** Stored data **
━━━━━━━━━━━━━━━━━━━━

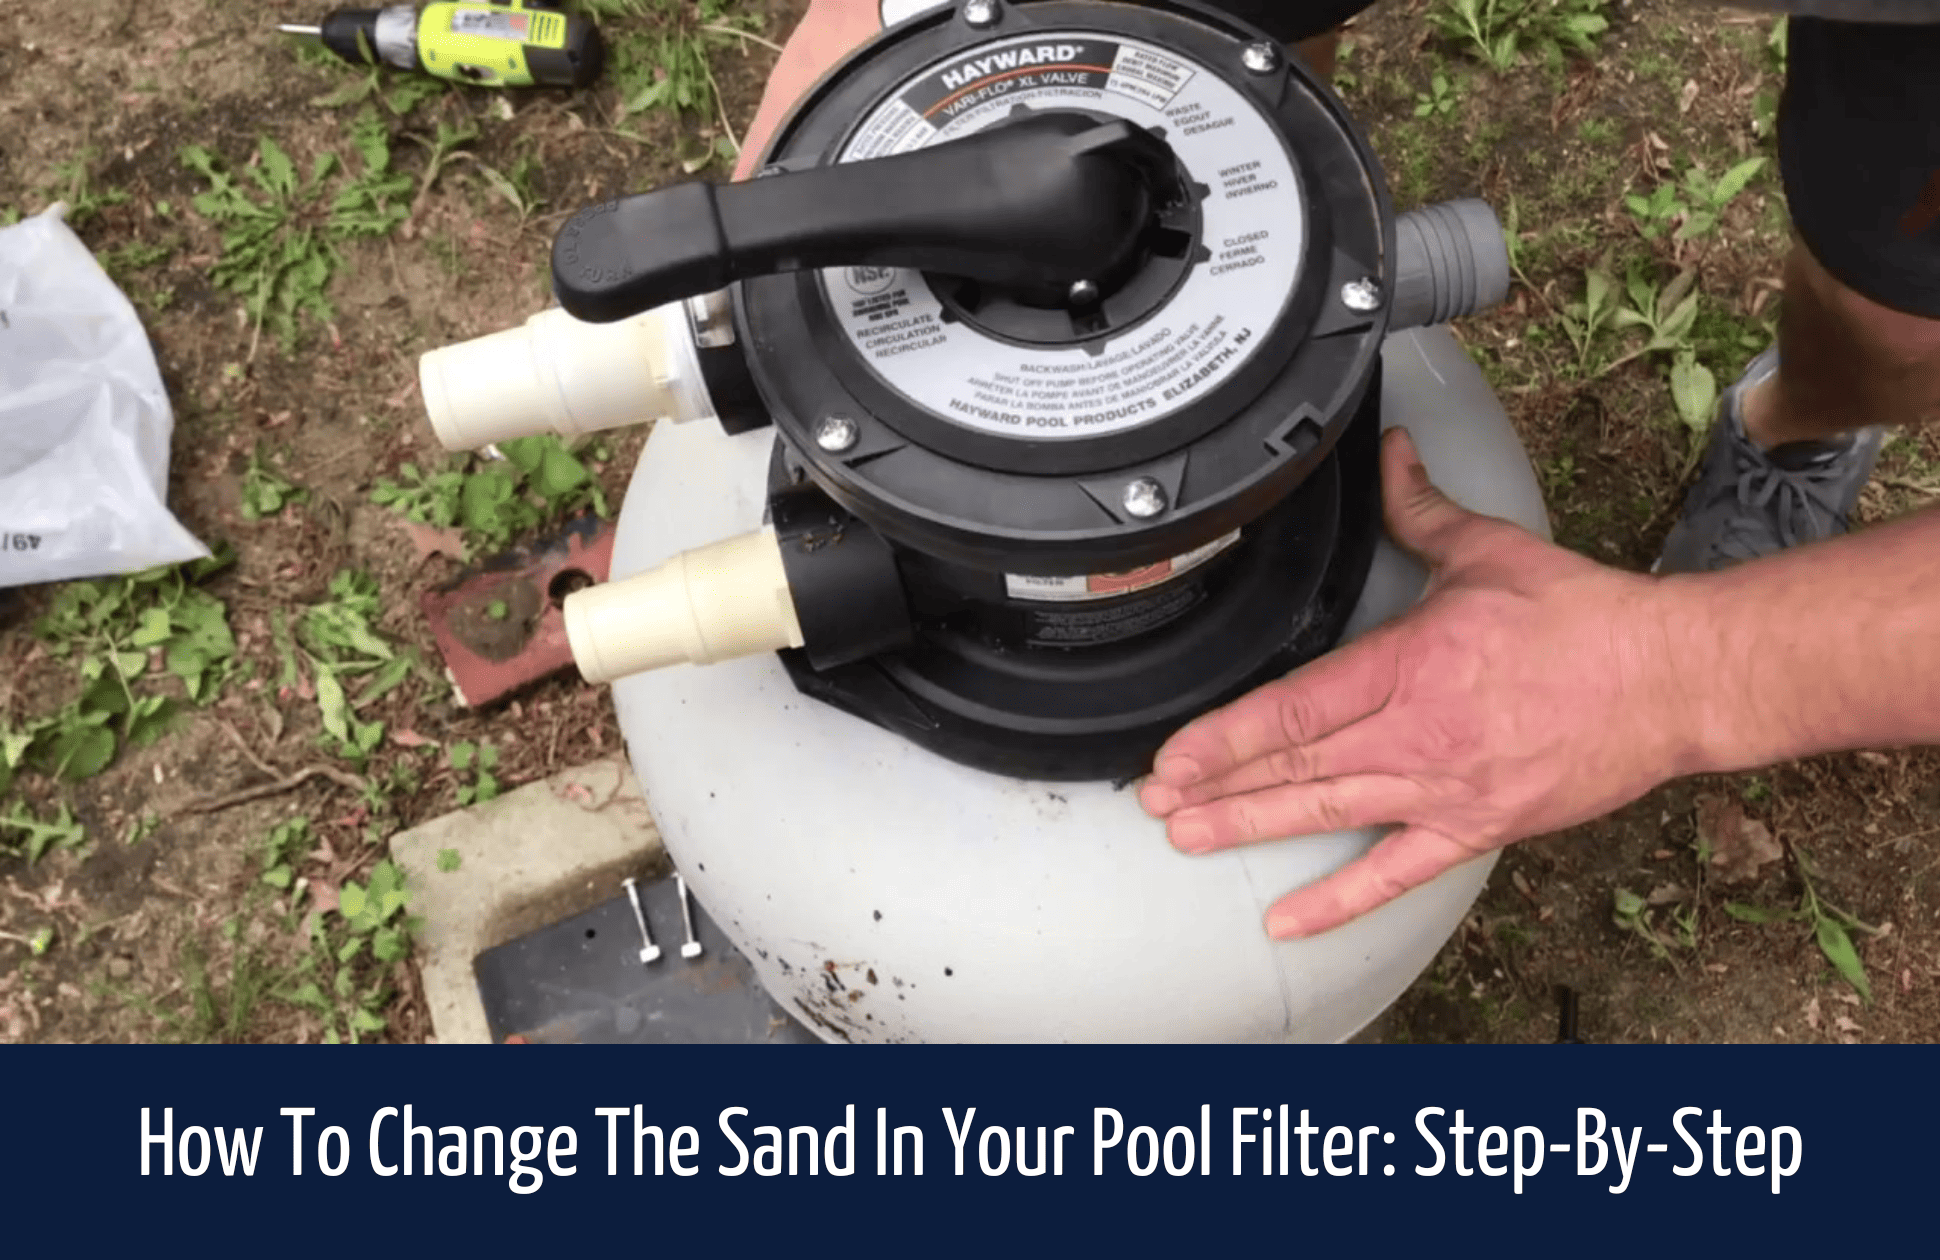 How-To-Change-The-Sand-In-Your-Pool-Filter-Step-By-Step
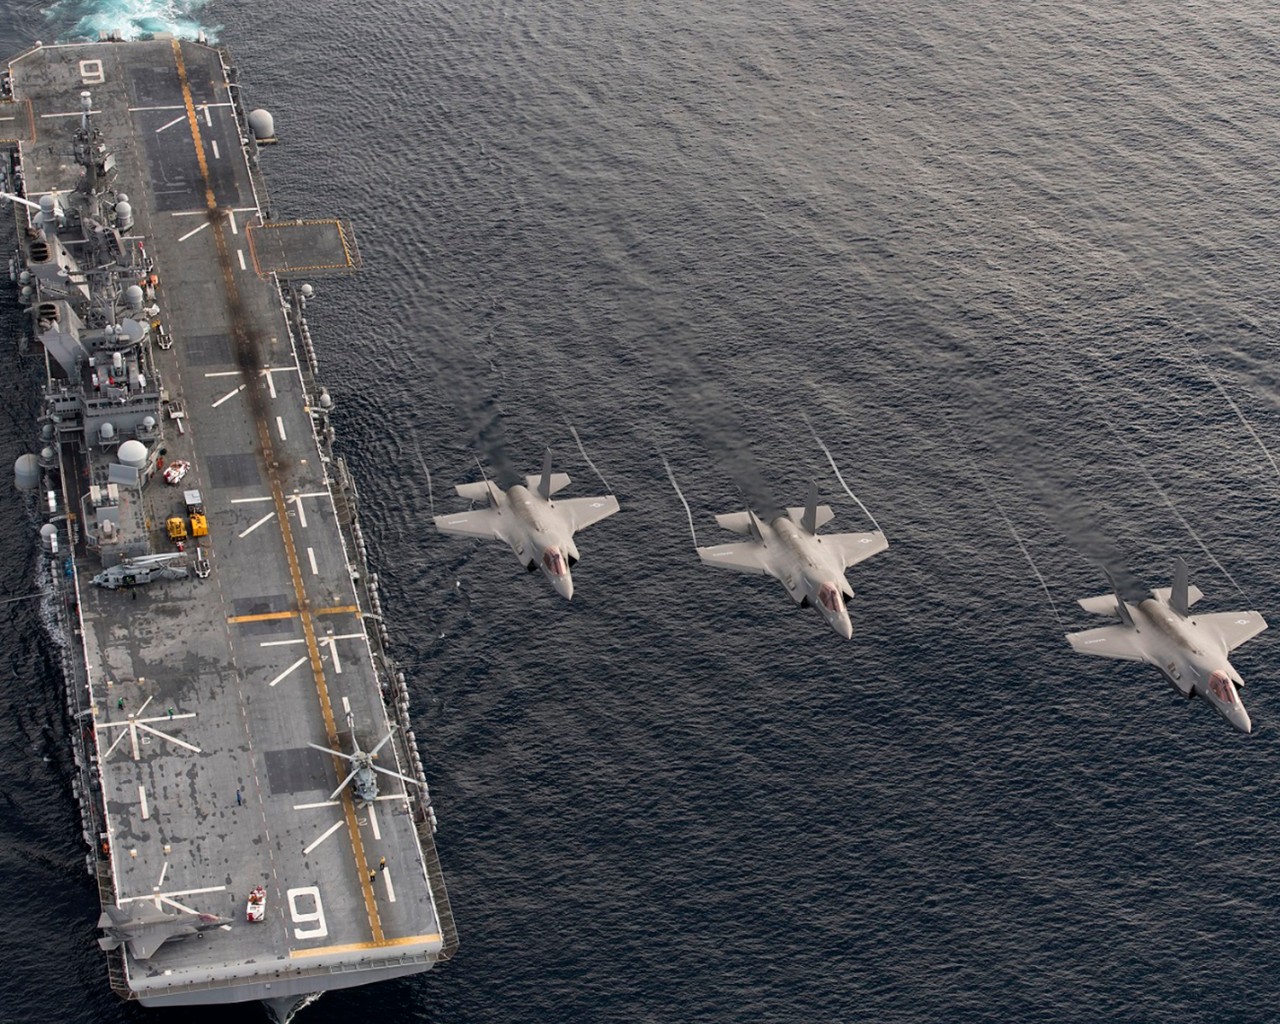 161120-N-VT045-0001 PACIFIC OCEAN (Nov. 19:: 2016) Four F-35B Lightning II aircraft perform a flyover above the amphibious assault ship USS America (LHA 6) during the Lightning Carrier Proof of Concept Demonstration. The F-35B will eventually rep...
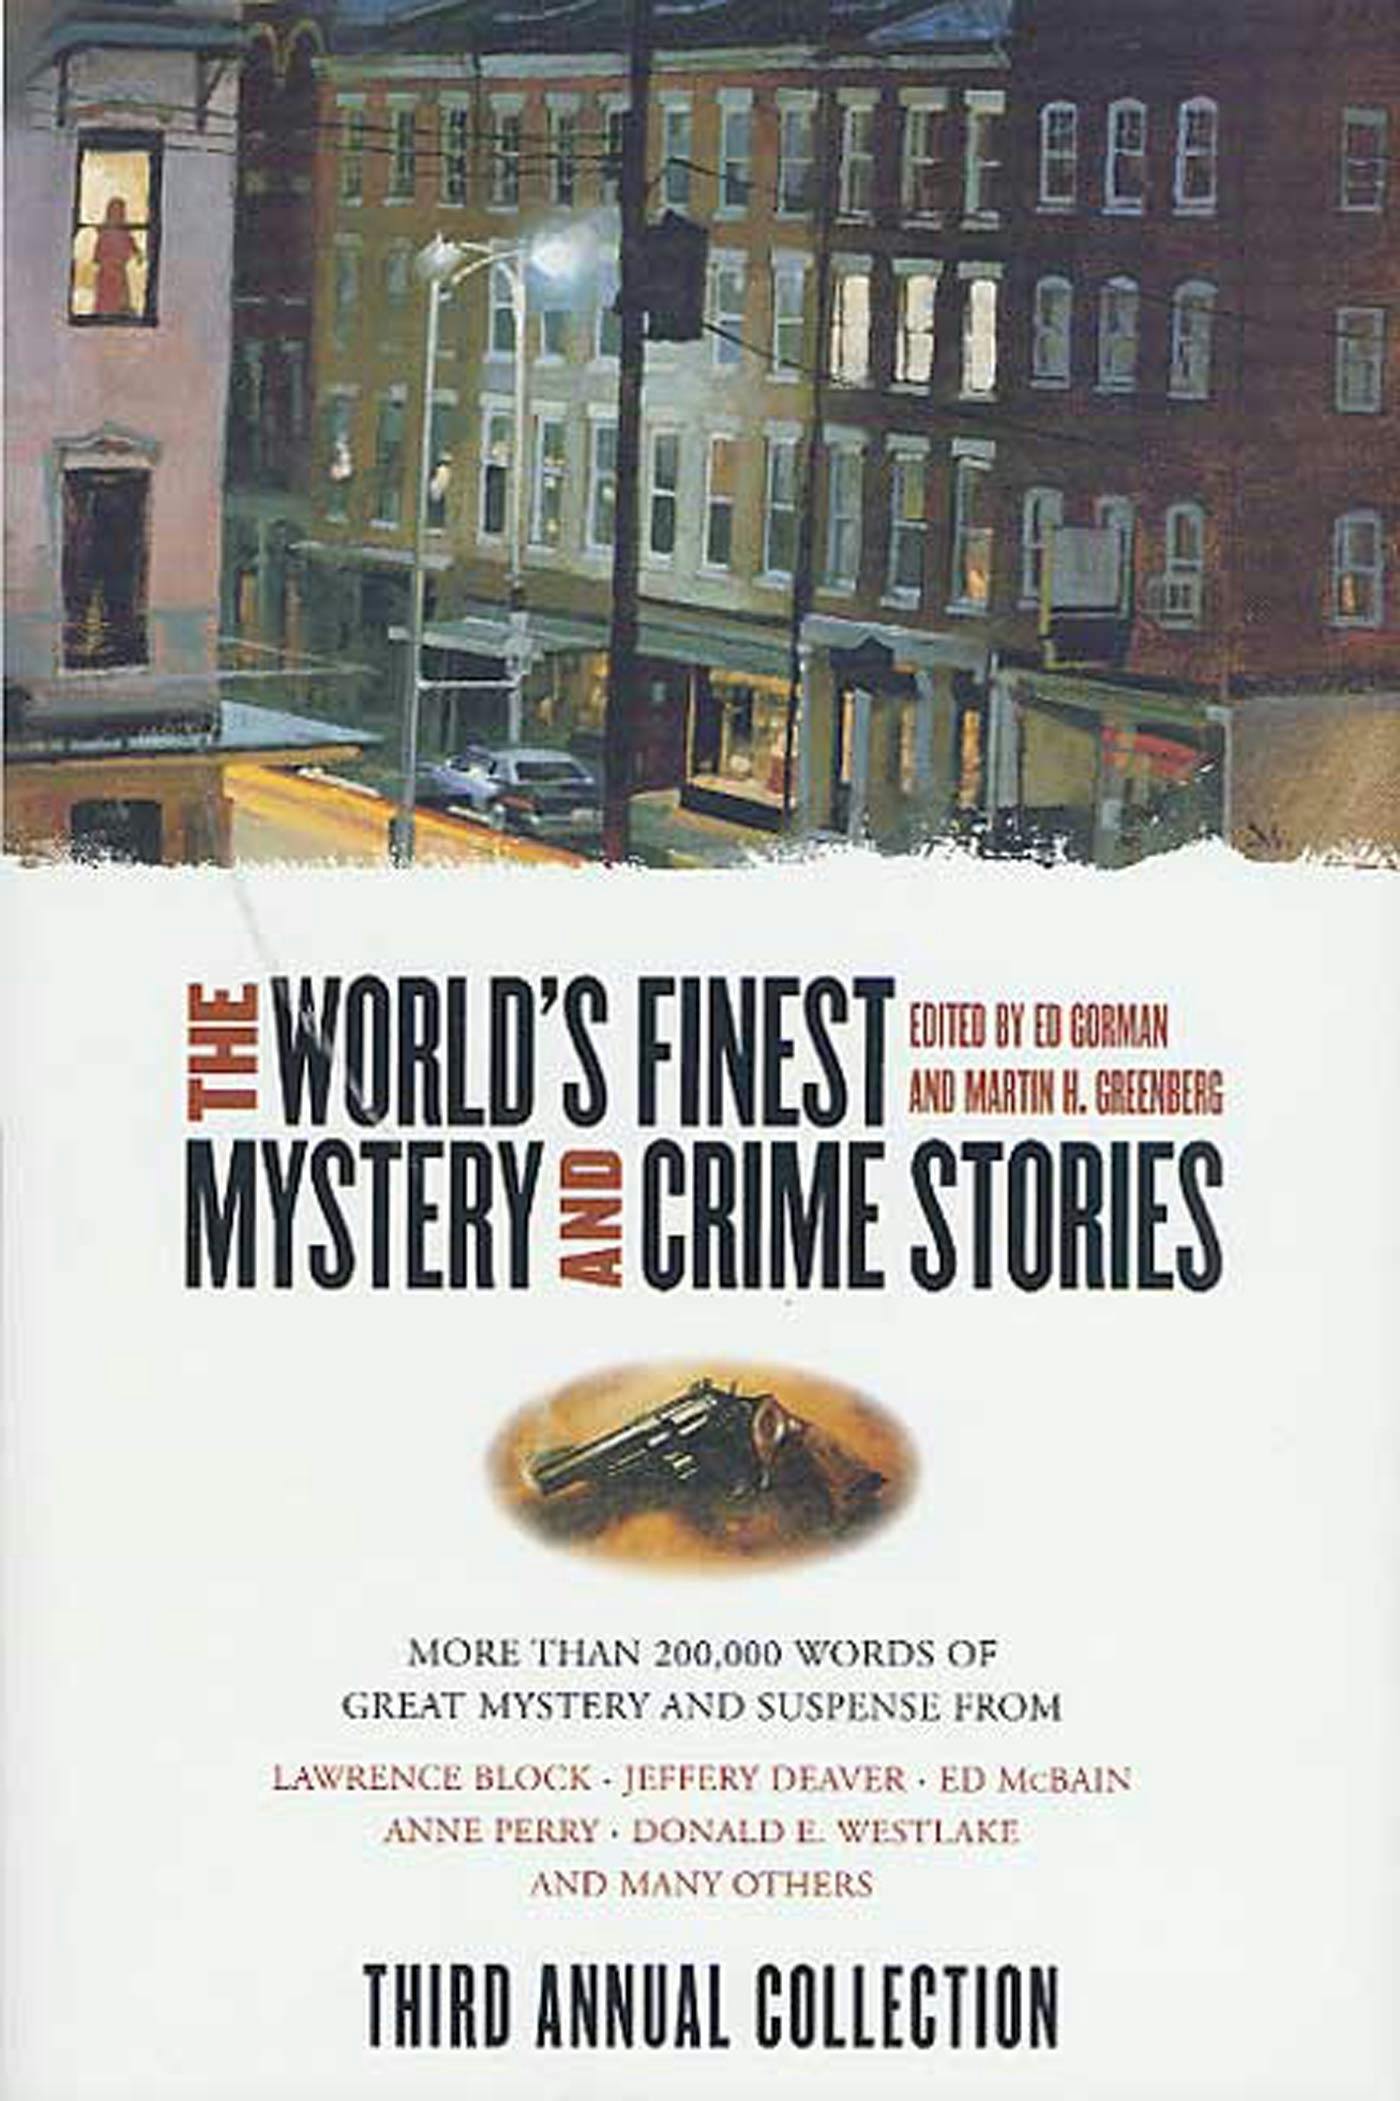 Cover for the book titled as: The World's Finest Mystery and Crime Stories: 3

━━━━━━━━━━━━━━━━━━━━

** What the task requires **
Once more, give the listing above exactly, leaving each picture out.

** Task answer **
 How-To-Change-The-Sand-In-Your-Pool-Filter-Step-By-Step
 161120-N-VT045-0001 PACIFIC OCEAN (Nov. 19:: 2016) Four F-35B Lightning II aircraft perform a flyover above the amphibious assault ship USS America (LHA 6) during the Lightning Carrier Proof of Concept Demonstration. The F-35B will eventually rep...
 Cover for the book titled as: The World's Finest Mystery and Crime Stories: 3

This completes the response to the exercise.